В результате «Гугл» фактически монопольно контролирует поиск, «Фейсбук» — социальные взаимодействия, «Амазон» — электронную коммерцию. Если вас деплатформит кто-то из них, вы не можете просто уйти к конкуренту.

Представьте, что вам запретили пользоваться метро. Куда вы пойдете?

У пользователя крайне слабые переговорные возможности

Даже у публичного человека вроде Алекса Джонса нет особых рычагов давления на платформенные компании. Джонс, например, даже не обратился в суд. Единственные, с кем он все же попытался судиться, — Paypal, однако ведущий отозвал иск через месяц после подачи.

Очень высокие издержки для восстановления справедливости

Юридическое регулирование работы платформ — неосвоенная территория. Чего, например, стоит возня с запретом Дональду Трампу банить пользователей в твиттере и последующая попытка отвоевать это право в Верховном суде США.
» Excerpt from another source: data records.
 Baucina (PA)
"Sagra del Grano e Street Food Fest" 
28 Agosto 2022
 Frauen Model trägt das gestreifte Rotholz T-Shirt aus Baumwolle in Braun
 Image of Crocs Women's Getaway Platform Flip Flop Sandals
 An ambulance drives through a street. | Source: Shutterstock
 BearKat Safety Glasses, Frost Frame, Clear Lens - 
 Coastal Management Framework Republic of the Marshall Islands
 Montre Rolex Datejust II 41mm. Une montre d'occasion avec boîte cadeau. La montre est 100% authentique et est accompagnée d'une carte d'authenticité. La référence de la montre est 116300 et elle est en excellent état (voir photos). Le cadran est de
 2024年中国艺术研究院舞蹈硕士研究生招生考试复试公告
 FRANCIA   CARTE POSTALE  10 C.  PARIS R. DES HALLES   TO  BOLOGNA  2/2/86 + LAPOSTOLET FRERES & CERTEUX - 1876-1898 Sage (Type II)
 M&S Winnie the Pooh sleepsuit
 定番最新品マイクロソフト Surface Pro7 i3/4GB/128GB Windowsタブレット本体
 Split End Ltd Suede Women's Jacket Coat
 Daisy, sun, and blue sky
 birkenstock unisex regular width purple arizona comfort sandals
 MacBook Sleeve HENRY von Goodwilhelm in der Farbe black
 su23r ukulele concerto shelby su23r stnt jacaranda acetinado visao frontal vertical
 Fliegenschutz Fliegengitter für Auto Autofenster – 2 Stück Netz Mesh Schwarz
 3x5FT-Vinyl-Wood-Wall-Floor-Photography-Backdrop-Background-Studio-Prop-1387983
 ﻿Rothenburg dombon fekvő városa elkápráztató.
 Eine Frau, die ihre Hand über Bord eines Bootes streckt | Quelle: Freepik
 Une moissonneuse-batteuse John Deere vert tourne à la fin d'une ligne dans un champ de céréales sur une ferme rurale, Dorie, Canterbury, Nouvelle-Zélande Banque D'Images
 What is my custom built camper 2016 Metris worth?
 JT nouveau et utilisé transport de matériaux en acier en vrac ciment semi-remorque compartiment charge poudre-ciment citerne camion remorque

Для простого пользователя, которому недоступен административный ресурс, все еще сложнее. Платформы могут бесконечно саботировать процесс: затягивать, не отвечать на запросы, устраивать бюрократический пинг-понг между отделами и филиалами. По большому счету, если компания не захочет пойти навстречу, у пользователя нет шансов.

Если же банят не американские компании (вроде недавней истории с российским каналом «Царьград»), то национальные суды едва ли имеют какую-то власть над платформами. Перспектива одна: многолетние международные тяжбы с открытым финалом.


И все-таки частная дискриминация — ок или не ок?

Вопрос, является ли частная дискриминация благом или нет, неправильный. Любая дискриминация происходит в конкретном контексте, который нужно учитывать.

Свобода бизнеса — это хорошо. Нет даже ничего смертельного, если некто вроде Стерлигова откажется кого-то обслуживать. Если такая частная дискриминация происходит в рыночных условиях (скажем, ее не поддерживает государство ни на уровне риторики, ни на уровне практики), беда невелика. Достаточно перейти на другую улицу и купить булку у адекватного продавца. «Свобода запрещать» (выражение либертарианского публициста Михаила Пожарского) — тоже свобода.

Менее однозначной свобода бизнеса становится тогда, когда вас дискриминирует большая корпорация. Перед ней вы более беззащитны, вам сложнее отстоять справедливость, а возможности уйти к конкурентам ограничены.

Всё становится еще печальнее в случае технологических платформ, по своей природе монополистических. Они давно перестали быть просто частным бизнесом.

Платформы приобрели общественное значение, став цифровым аналогом публичных пространств вроде площадей. Поэтому аргументы в стиле «„Фейсбук“ — частный бизнес, делает что хочет» ошибочны.

Как же быть с тем, что публичные пространства контролируются частными цензорами? Это открытый вопрос. Некоторые предлагают национализировать платформы, но и это решение, мягко говоря, не бесспорное.